Any aficionado of animation — of vibrantly realized storytelling, in any genre — will be seduced by a wealth of sights and sounds.
The story is original, though thematic references range from Persian art and architecture and the “Arabian Nights” to Shakespeare’s “Pericles.”
In an unspecified Western land, two boys are raised as brothers. Asmar and his birth mother are strangers in a strange land, speaking both Arabic and English, making the best of their circumstances under the shadow cast by the taciturn, coldhearted master of the house.
The master’s son, Azur, adores his surrogate mother’s tales from her homeland of a magical sprite imprisoned in a cavern.
The boys’ relationship is thorny but hardy, full of fights and forgiveness. “I look like an angel,” says the fair, blue-eyed Azur. “My country is better than this place,” counters the Arabic-speaking Asmar. Then the dark-skinned mother and son are banished from the home.
Years later, Azur crosses the Mediterranean to find the dream land he relished through his surrogate mother’s tales. Shipwrecked, himself now a stranger in a strange land, Azur pretends to be blind — his blue eyes are considered evil by the locals — and makes an uneasy alliance with a beggar who serves as Azur’s introduction to this land of saffron and gorgeous tiles.

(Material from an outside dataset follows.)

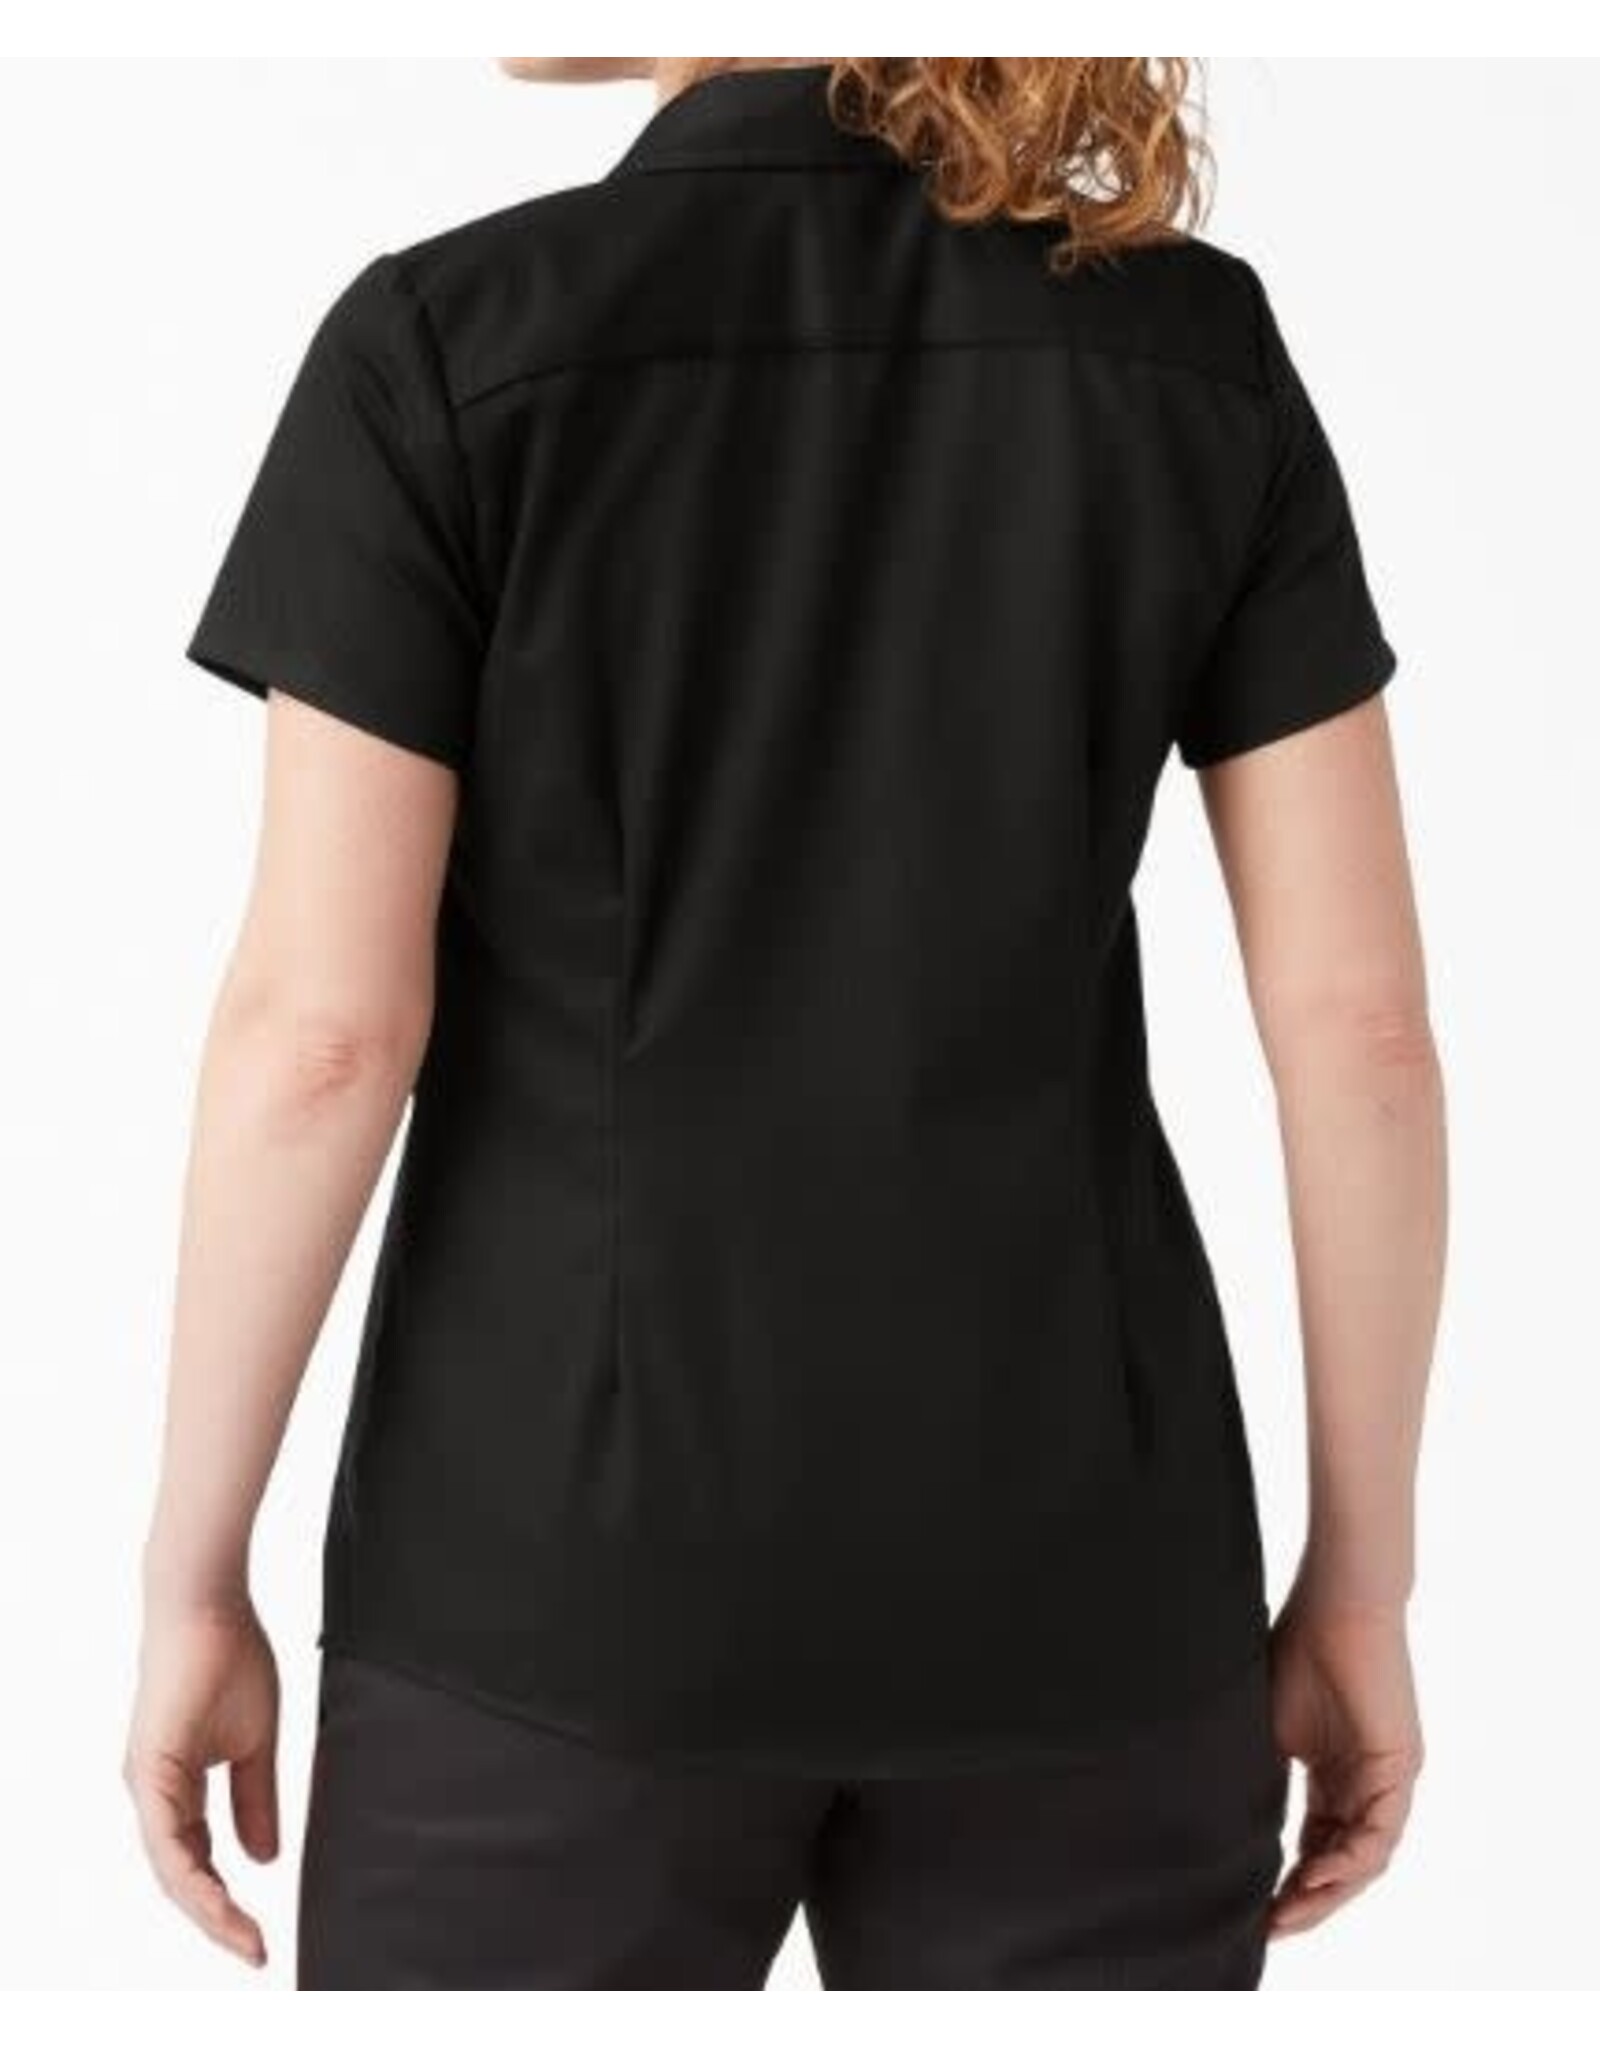 DICKIES Women's 574 Original Work Shirt Black - FS574BK

There’s plenty more, involving a confident princess (no passive archetype here), a reunion between Azur and Asmar and Asmar’s mother, a quest and some splendid leaps into fairy-tale realms populated by rainbow-colored oversize birds (the preferred mode of transport in this story’s later passages) and a bright red lion with even brighter blue claws.
Ocelot adapted his French- and Arabic-language film into English and Arabic, and in both versions the smattering of Arabic is not subtitled. It was the correct choice: As Azur feels his way through his disorienting surroundings, his confusion becomes ours.
Ocelot has cited France’s tortured relationship with Algeria as an inspiration for his story. Yet the storytelling is so vivid and sure, and the computer animation so fabulously brocaded and detailed, you never get that “good-for-you” taste. It’s a feast.
Gabriel Yared’s music is as subtly satisfying as Ocelot’s designs are fantastic. If more film music worked such atmospheric wonders, the world would be a better place.
Early in the story, Azur is struggling through lessons in fencing, riding and dancing. “What I ask for is grace,” sighs his dance instructor. “What I get is porridge.”
In any given year, a filmgoer consumes a lot of animated porridge. And then, occasionally, along comes a delicacy on the order of “Azur & Asmar.”
“Azur & Asmar”
Not rated but in the mild PG range. 1 hour, 39 minutes. In English with some Arabic. Written, directed and drawn by Michel Ocelot; music by Gabriel Yared; starring the voices of Steven Kyman, Nigel Pilkington, Suzanna Nour, Nigel Lambert, Imogen Bailey. Opens today at Starz FilmCenter.